The statement of claim, filed late last year by Will Hiscock of Budden and Associates, contends the church failed to properly screen Collins or to properly supervise him and should have known there was “criminal behaviour against children.”

The woman claims she was abused in the 1960s when she participated in church activities such as choir and Sunday school led by Collins.

But the United Church in the statement of defence, contends it had no knowledge or control of Collins’ alleged activities and if his actions are, indeed, proven in the case, they took place on his own time. The church also denies being aware of any allegations.

“In particular, United Church denies that at any time it had actual knowledge of the (alleged) activities carried out by Stephen J. Collins and further states that any such activities as conducted were outside the duties that Stephen J. Collins undertook as an ordained minister with United Church,” the statement of defence said.

Collins, diagnosed in the 1980s as a pedophile, was convicted in a criminal case involving children ranging in age from seven to 11 over the period 1975-86 in Baie Verte and La Scie. All but two of the children were girls.

Prior to attending medical school in Ontario in 1970, he was a minister in Labrador. Collins returned to Newfoundland to practise medicine in Baie Verte and La Scie.

The incidents for which Collins was convicted consisted of displaying and encouraging nudity, photographing and displaying photographs of nude children, fondling, kissing, masturbation, oral sex and attempts at sexual intercourse with a female child.

In 1986, Collins pleaded guilty to seven counts of sexual assault and four counts of indecent assault.

On appeal in 1987, Collins was sentenced to two years in prison and three years’ probation, during which time he was to receive treatment.

The Jane Doe in the latest case was not among the victims involved in those criminal charges, but her abuse allegations are similar. It is not the only civil action against Collins.

St. John’s lawyer Bob Buckingham has already settled a Jane Doe case involving a woman who was among the children Collins was convicted of assaulting.

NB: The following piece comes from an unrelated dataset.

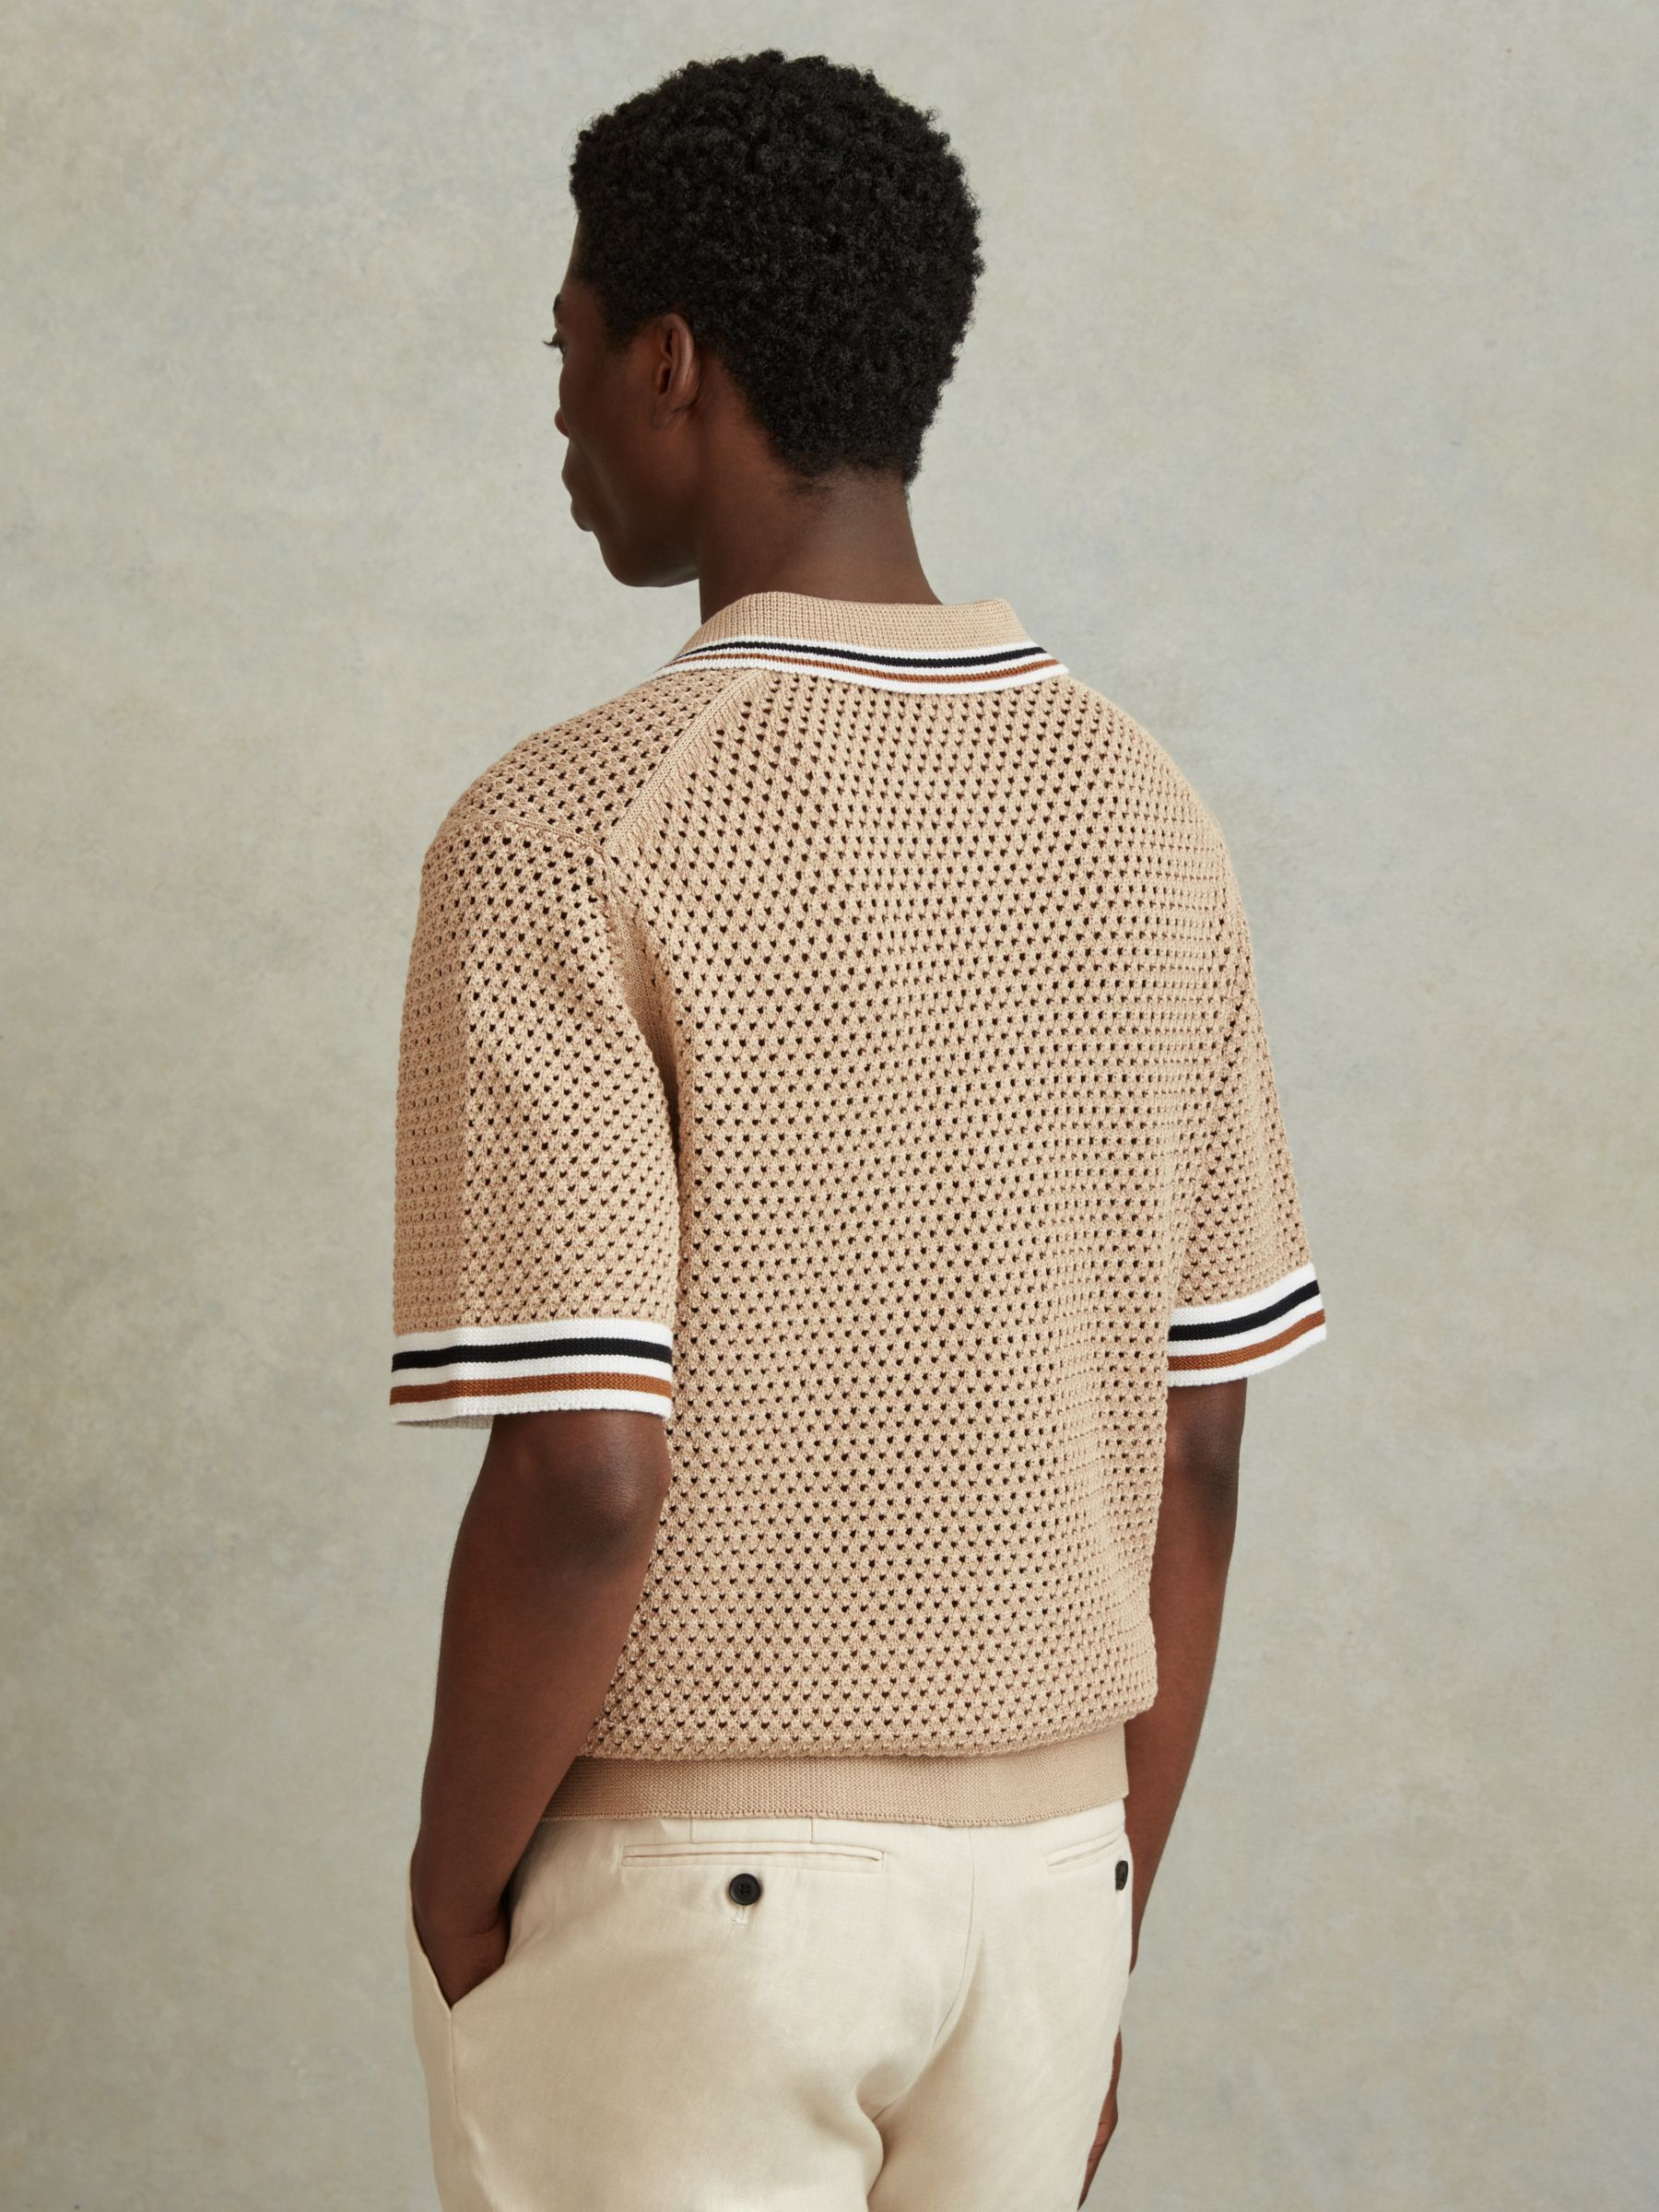 Reiss Coulson Short Sleeve Crochet Tipped Shirt, Soft Taupe, XS

Another of Buckingham’s cases — involving a woman who lived on the Baie Verte Peninsula, but who was not among those involved in the conviction — is still before the courts.

Collins grew up in Africa after being born to church missionary parents, but completed post-secondary degrees in Canada.

His current address is unknown, although he is believed to be in Angola.

Collins’ name was stricken from the register by this province’s medical licensing board in 1987.

But a man with a similar name is listed as practising medicine at a hospital in Angola on the website of that country’s medical licensing organization.

The United Church placed Collins on the discontinued service list in 1986 and he is therefore no longer a United Church minister.